Haïti à la croisée des chemins : la fin imminente du CPT sous haute tension
À dix-sept jours de la fin officielle du mandat du Conseil présidentiel de transition (CPT), Haïti s’enfonce dans une crise multidimensionnelle qui fragilise à la fois les institutions, la sécurité nationale et la crédibilité du processus de transition. La fermeture prolongée du principal aéroport international du pays, devenue un symbole de l’asphyxie de l’État, illustre l’ampleur du dysfonctionnement actuel.
Sur le plan sécuritaire, la situation demeure critique. Des groupes armés exercent un contrôle quasi total sur de larges portions du territoire national, notamment dans plusieurs départements stratégiques. Cette emprise territoriale entrave la libre circulation des personnes et des biens, paralyse l’économie et accentue la vulnérabilité d’une population déjà éprouvée par l’insécurité, l’inflation et la crise humanitaire.
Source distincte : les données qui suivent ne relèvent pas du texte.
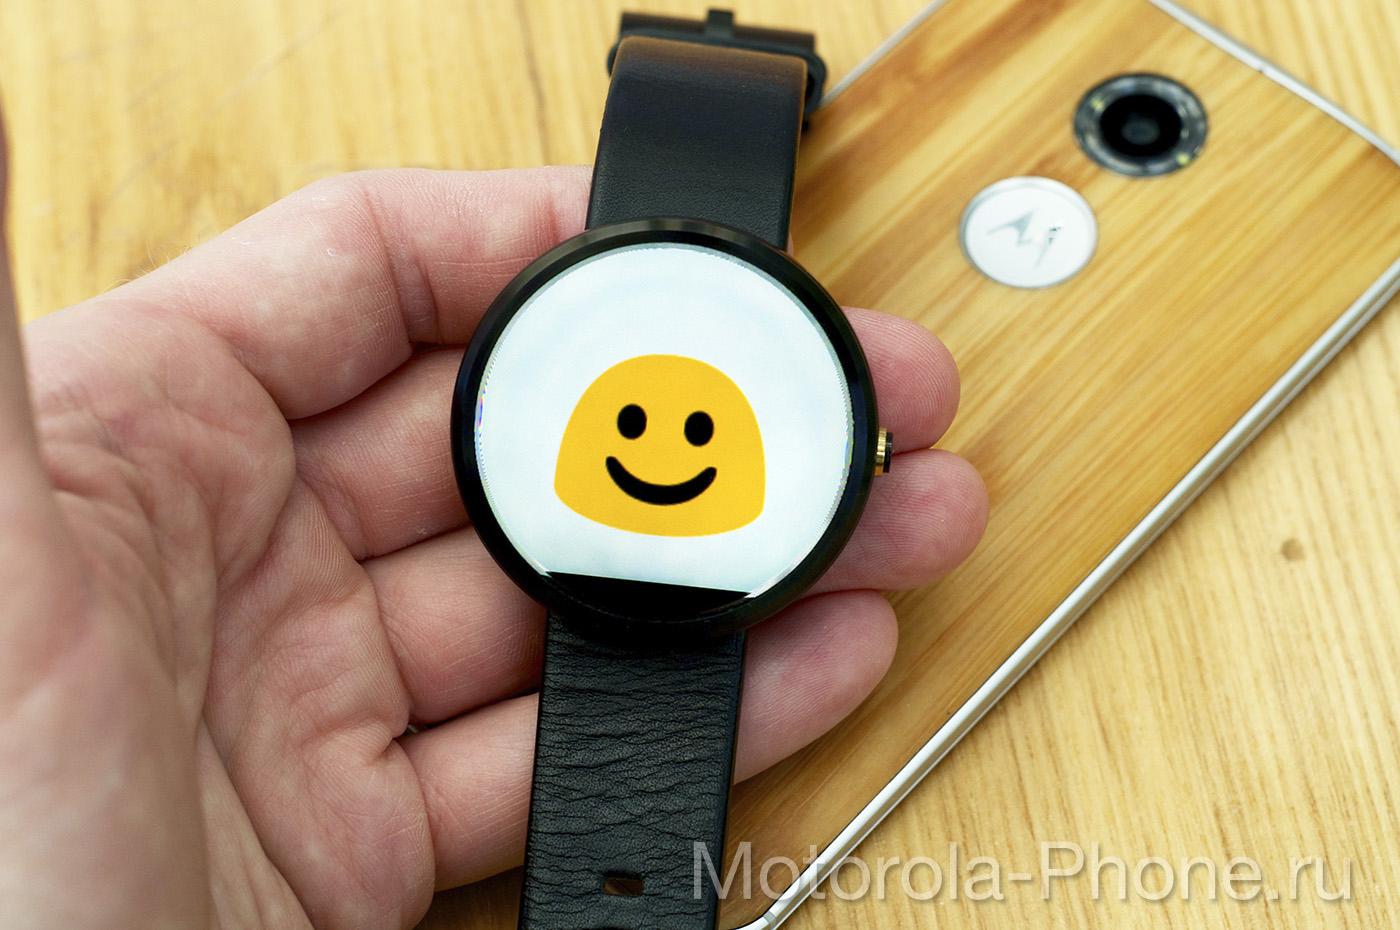 Motorola-Moto-360-Android-Wear-5-1-26 copy

C’est dans ce contexte explosif que cinq membres du CPT ont signé une résolution visant à modifier la configuration du gouvernement en place. Cette initiative, lourde de conséquences politiques et symboliques, intervient à la veille de l’expiration du mandat de l’organe de transition. Elle suscite de vives interrogations sur son opportunité réelle, alors que la stabilité institutionnelle, même relative, apparaît comme une nécessité immédiate.
La réaction de la communauté internationale ne s’est pas fait attendre. Les partenaires d’Haïti, notamment les États-Unis, ont exprimé leurs réserves et mis en garde contre toute décision susceptible d’aggraver l’instabilité politique. Ces signaux traduisent une inquiétude tangible quant à la capacité des acteurs haïtiens à privilégier l’intérêt national dans un environnement déjà extrêmement fragile.
Au-delà des calculs politiques, cette séquence révèle une crise plus profonde, celle de la gouvernance et de la confiance. La population, prise en étau entre l’insécurité, la précarité et l’incertitude institutionnelle, attend des réponses concrètes et responsables. Les tensions internes au sommet de l’État risquent, au contraire, d’accentuer la rupture entre dirigeants et citoyens.
À l’heure où le CPT arrive au terme de son mandat, la priorité devrait rester la recherche d’un minimum de consensus national, la sécurisation du territoire et la préparation crédible de la suite de la transition. À défaut, Haïti s’expose à une nouvelle phase d’instabilité dont les conséquences pourraient peser durablement sur l’avenir du pays.